After about 7 weeks there, when I had already started quietly investigating other barns to move to, I arrived at the barn in the evening to discover that Tristan was colicking very badly. That they had thrown his evening grain on top of his morning grain – my horse who at that point in his life ate every scrap of everything and kicked for more – without even noticing. They did not notice he was colicking. For 48 hours, I slept in a chair in front of or in his stall because I did not trust anyone. He started colicking on Monday; on Thursday, we left the barn under literal cover of darkness and I ate my 30 day notice.
A few months later, the barn owner’s daughter’s ex-boyfriend came to the barn on a Saturday and waved a gun around screaming, then attempted to fire at both the daughter (who was sort of kind of the barn manager and was living in an apartment on site) and the barn owner. The gun misfired, and soon after the police got there.
In Googling the barn for this blog post, out of curiosity, I found that one of their barn workers was arrested for neglect after horses in her care at a private facility were seized and taken to a rescue with a body score of 2.
So, all of those would be warning signs.

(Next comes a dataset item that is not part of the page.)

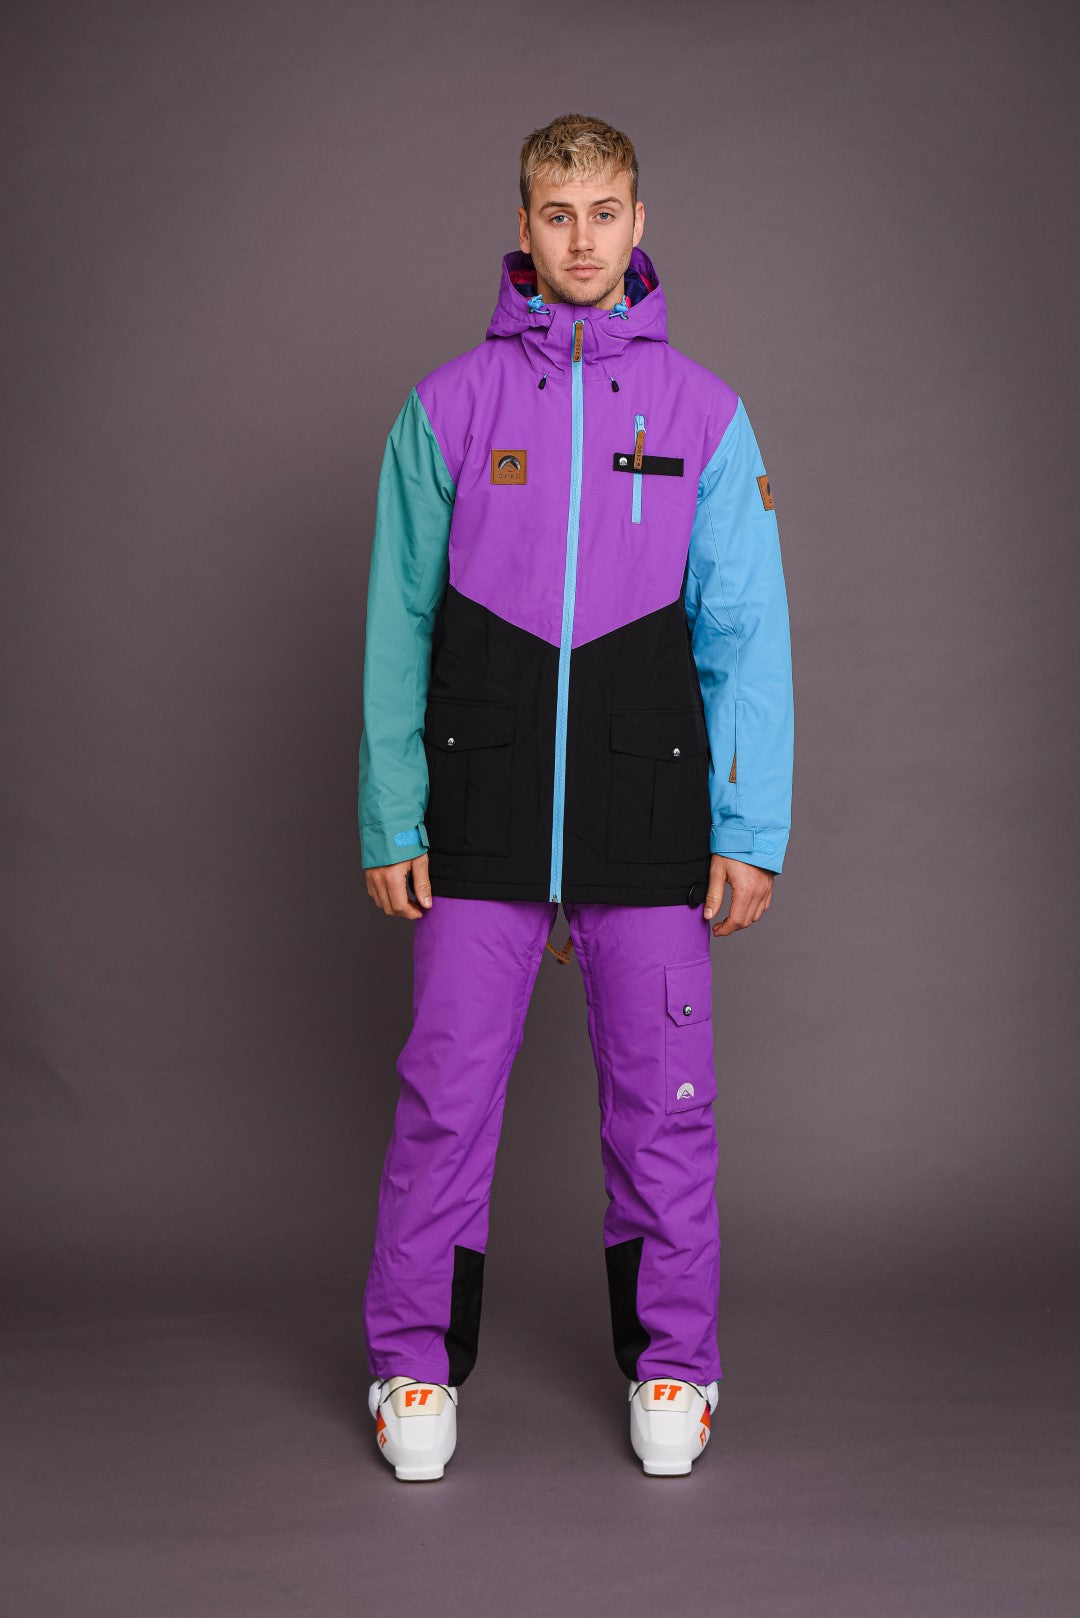 mens purple black ski outfit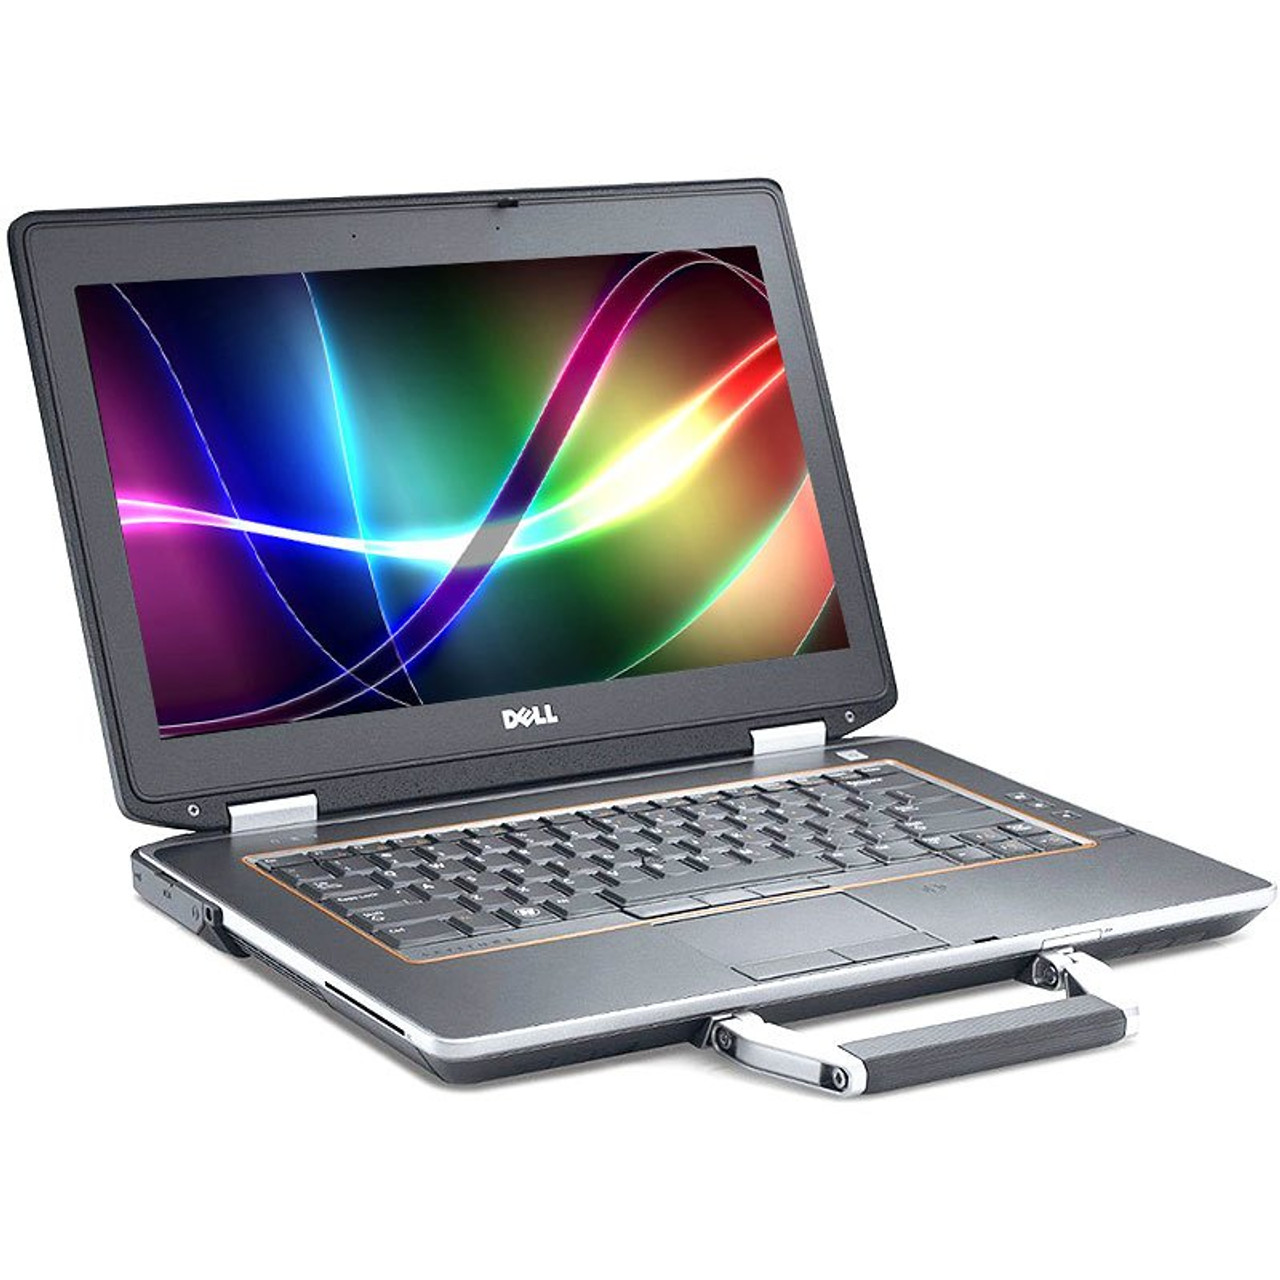 Dell Latitude E6420 ATG 14" Laptop Core i5-2540M 2.6GHz 4GB Memory 320GB HDD

That barn was the first I moved Tristan to after my college barn, which was amazing. I didn’t yet know what to look for and what not to look for. I liked the facilities, the access to the local state park, the distance from my house, and many other things. The nutty management did not show up until a few weeks in. Now, I’m much, much pickier and more neurotic about the people I trust to care for Tristan.
(One of the barns I looked at to move to during that whole phase came highly recommended and the trainer spent our entire conversation, which included a tour of the facilities, chain-smoking and flicking the butts everywhere. DUDE. NO. That was a really obvious warning sign, too.)